Endangered Fleay's barred frog
We're a team of researchers based around eastern Australia (with collaborators overseas), studying the population dynamics of frogs, impacts of environmental contaminants on frogs, and the infection dynamics of the devastating frog fungal skin disease, chytridiomycosis.
We aim to improve understanding of the factors permitting recovery of frog populations in the face of disease, to assist with global amphibian conservation efforts.
The World Heritage-listed Gondwana Rainforests of south-east QLD and north-east NSW are a local hotspot for amphibians, with > 40 frog species being found here. However, amphibians around the world are in peril – they are the most endangered vertebrate class, suffering a multitude of threats including habitat loss, disease, pollution, climate change, and invasive species. Seven species of Australian frogs have become extinct since the 1970s due to disease alone, three of them in our local region.
Chytridiomycosis is an infectious skin disease of frogs caused by the fungi Batrachochytrium dendrobatidis
(Bd) and B. salamandrivorans (Bsal) (only Bd is currently known to be present in Australia). These
fungal pathogens have been implicated in the decline
or extinction of greater than 200 amphibian species; approximately half those experiencing rapid declines globally. Frog populations around the world are continuing to decline, and some that survived initially
fail to recover to their previous densities.

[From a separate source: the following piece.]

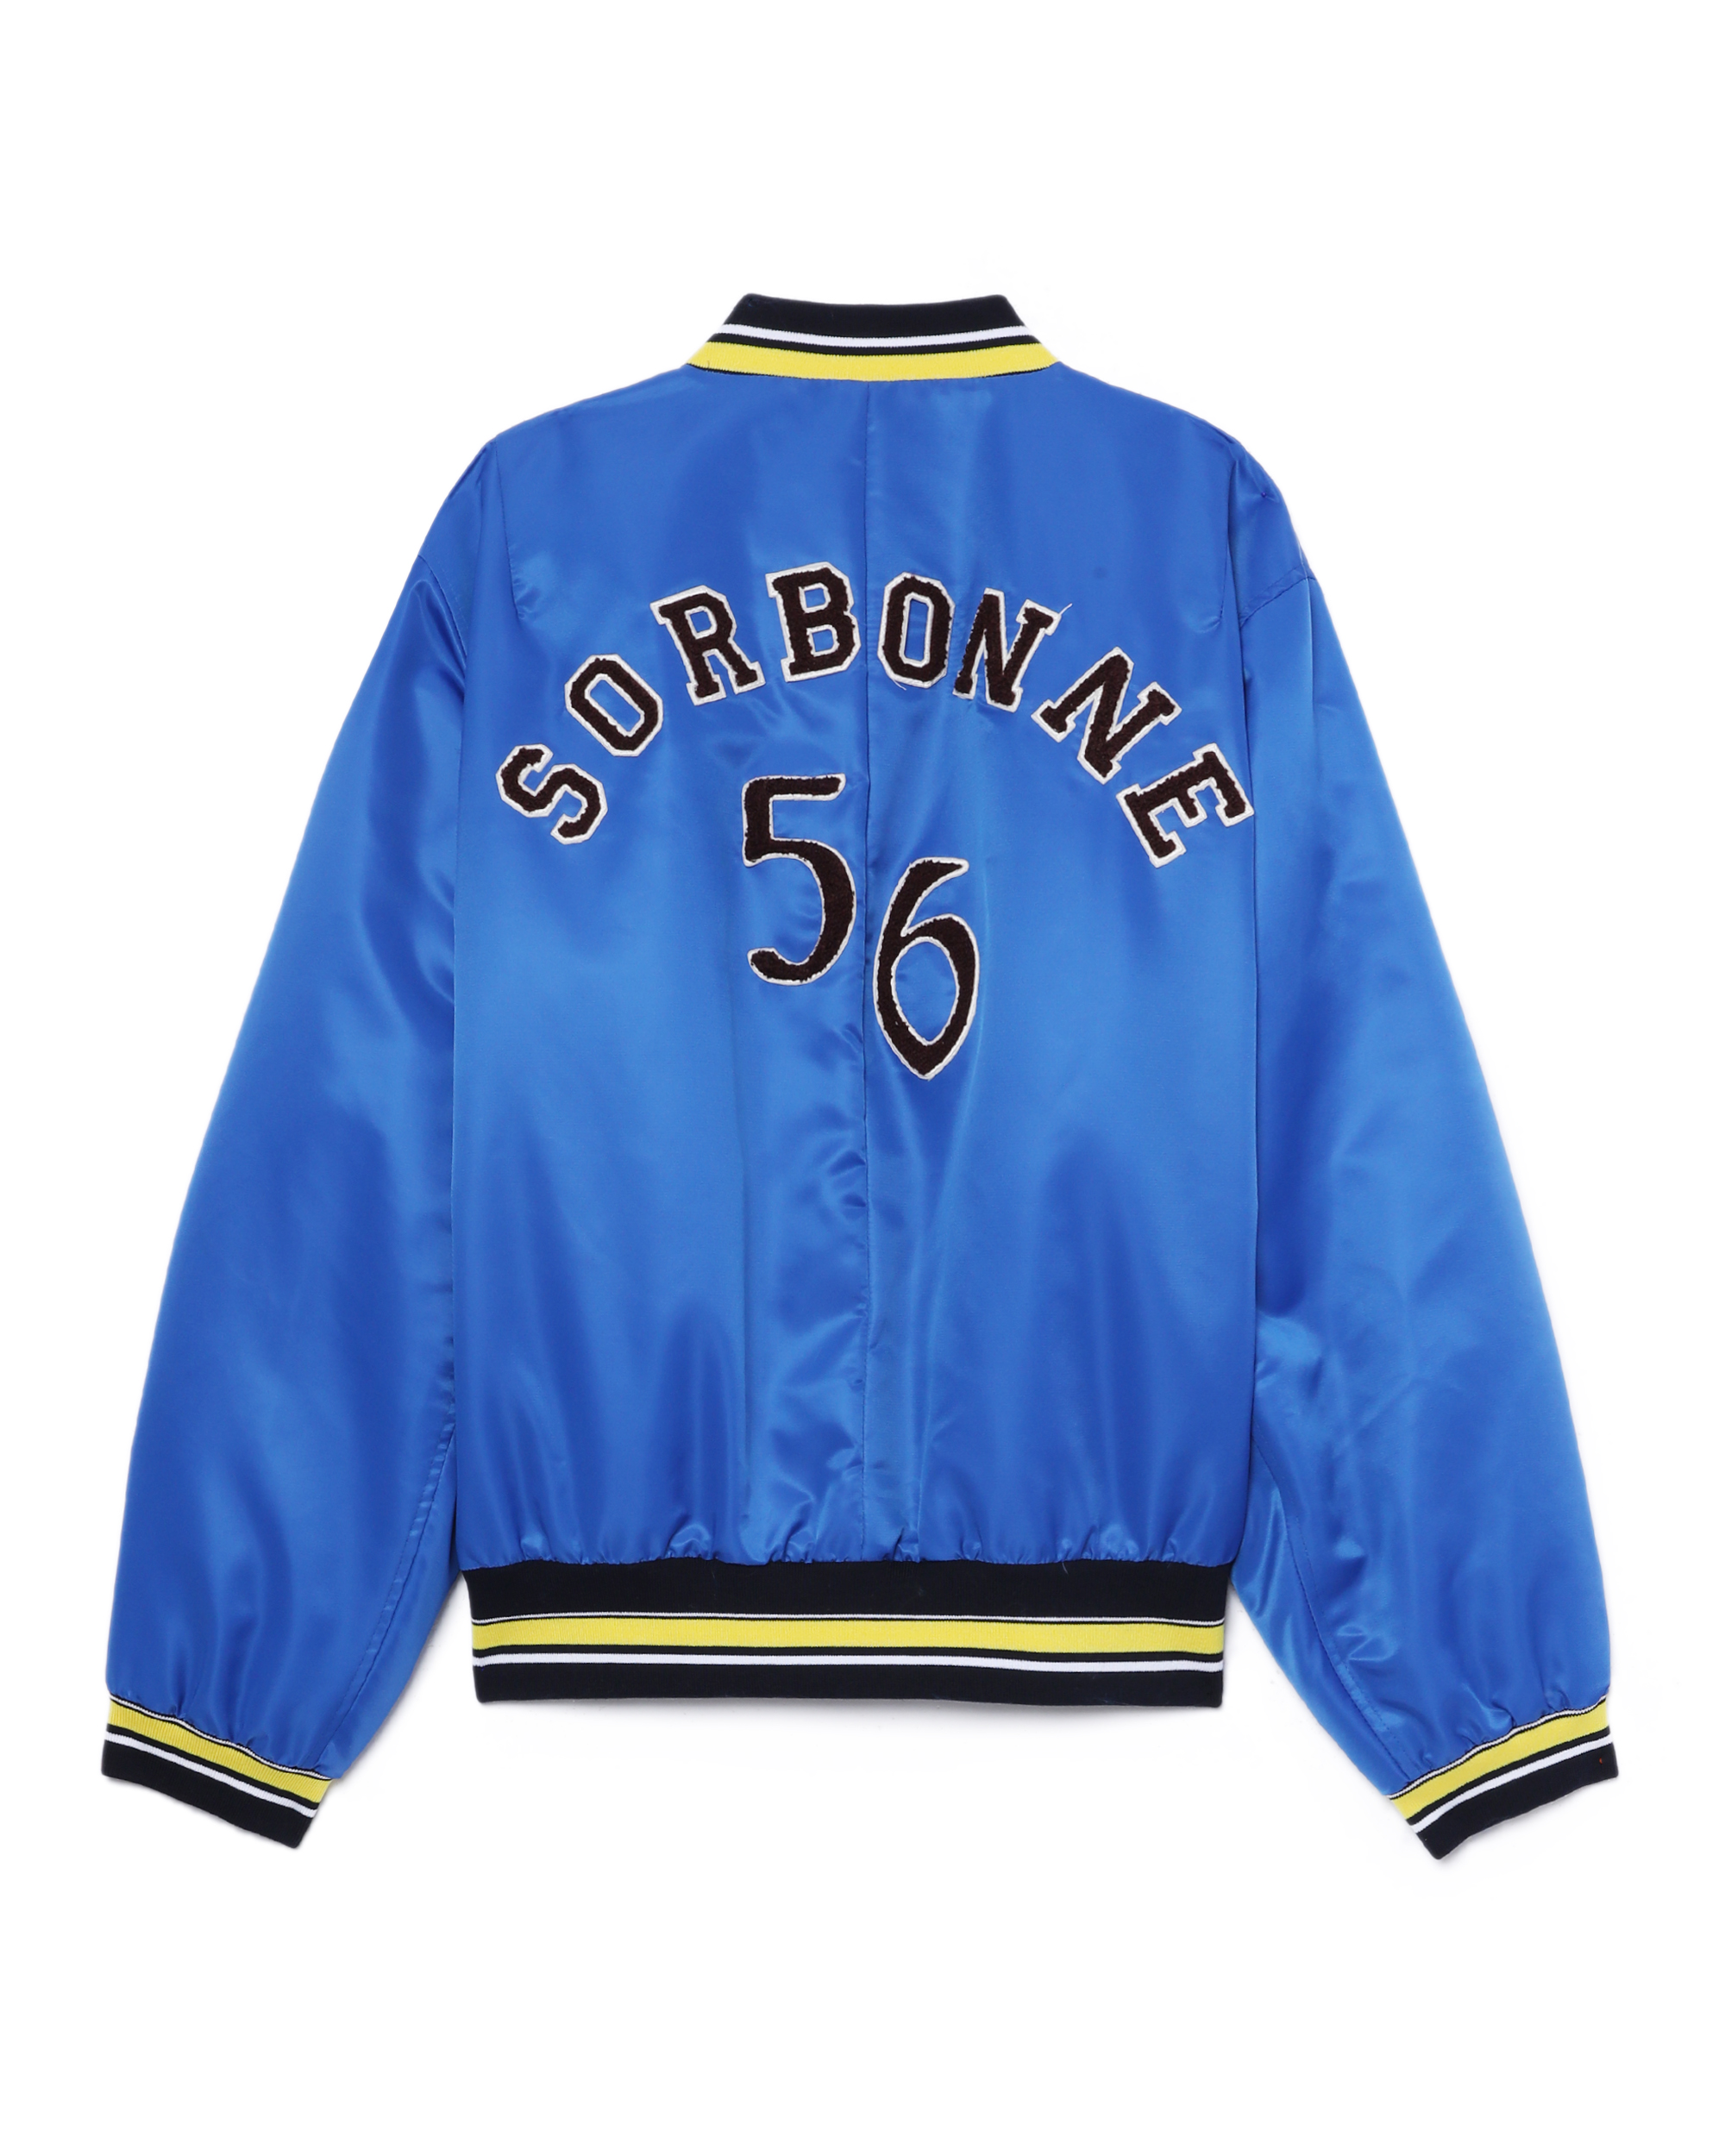 Sorbonne 56 varsity jacket

Chytridiomycosis is an unprecedented threat for amphibians. It is unusual among emerging infectious diseases in its ability to drive populations to extinction, and many amphibian species are now only secure in captivity. The disease also increases the risk of extinction from other threatening processes. Abating this crisis is one of the most urgent issues in conservation today.

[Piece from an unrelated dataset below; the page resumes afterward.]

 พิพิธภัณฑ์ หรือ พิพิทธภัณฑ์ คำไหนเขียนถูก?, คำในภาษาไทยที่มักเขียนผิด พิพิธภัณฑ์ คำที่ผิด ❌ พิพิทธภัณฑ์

Eradication of the fungus is impossible, and intensive control through targeted management strategies is essential to help small populations recover. Management techniques are currently limited to preventing spread of the disease, or removing frogs from the wild. While the value of captive breeding and release programs is controversial, they are currently the only effective tool for preventing extinction in declining species. Unfortunately, despite successful captive rearing, the disease is still present in the environment, and frogs still die when they are reintroduced to the wild.